The higher the Awarener score, the more bang you get for the buck. It measures how much genuine funds the company generates for the stock price paid (Average), the business stability (Lacking) and growth (Very good), and the company's inclination to return cash to the stockholders (Poor).

Note: All scores range from 1 (worst) to 10 (best). Conclusions are updated daily with closing stock prices and new reported quarterly financial statements.

Revenue score: 6.0

  • Business has been growing at a very good pace. It's been encouraging in relation to peer companies.
  • Cohu, Inc. business shows some variation, there's some risk. It looks better than most rivals.

Margins score: 6.0

  • COHU profit margins -on goods and services sold- are usually good. They stand somewhat worse than rival companies.
  • Business profit on sales tends to be good. It's below average when measured against competitors.
  • Profits on sales made -available to repay debt and purchase properties- are usually sufficient. They remain lacking compared to peers.
  • Earnings -before income taxes and interests on loans taken- tend to be hardly sufficient in relation to total revenues. They're still mediocre against similar companies.
  • Profits -before income taxes- are usually sufficient considering total sales, and remain weak when measured against rivals.
  • Total net profit tends to be hardly sufficient when confronted to sales. Company stands weak when measured against comparable firms.

Growth score: 2.0

  • Cohu, Inc. profit -on goods and services sold- has been growing at a very good pace. It's been a slight improvement compared to competitors.
  • In recent years, the firm hasn't always been able to profit from operations, which has been bottom tier against comparable firms.
  • In past years, the company couldn't always turn a profit -available to repay debt and purchase properties-, which compares last-in-rank when measured against peer enterprises.
  • In the previous years, the firm couldn't always make a profit -before income taxes and interests on loans taken-. It turns to be a disappointment compared to similar stocks.
  • In past years, at least once the company lost money -before income taxes-. It was bottom tier against rivals.
  • In the previous years, the firm had at least a total net loss, and last-in-rank when measured against peer companies.
  • The company lost money at least once in the past years. It's been a disappointment compared to industry peers.

Miscellaneous score: 7.0

  • COHU had hardly to pay income taxes in relation to profits made in the past years. It's been slightly better than peers.
  • Research and development expenses consume a low portion of revenues.
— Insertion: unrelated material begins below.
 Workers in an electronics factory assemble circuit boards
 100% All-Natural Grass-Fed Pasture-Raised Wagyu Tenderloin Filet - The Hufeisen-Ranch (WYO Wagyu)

It's almost average when measured against competitors.
  • The company shows business growth in relation to research and development efforts. It stands rather normal in relation to rival companies.

Profitability score: 5.8

  • Cohu, Inc. usually gets good returns on the resources it controls. It proves weak when measured against peer firms.
  • The company normally gets hardly sufficient proceeds -on the resources directly invested in the business-. They remain in a weak position compared to similar companies.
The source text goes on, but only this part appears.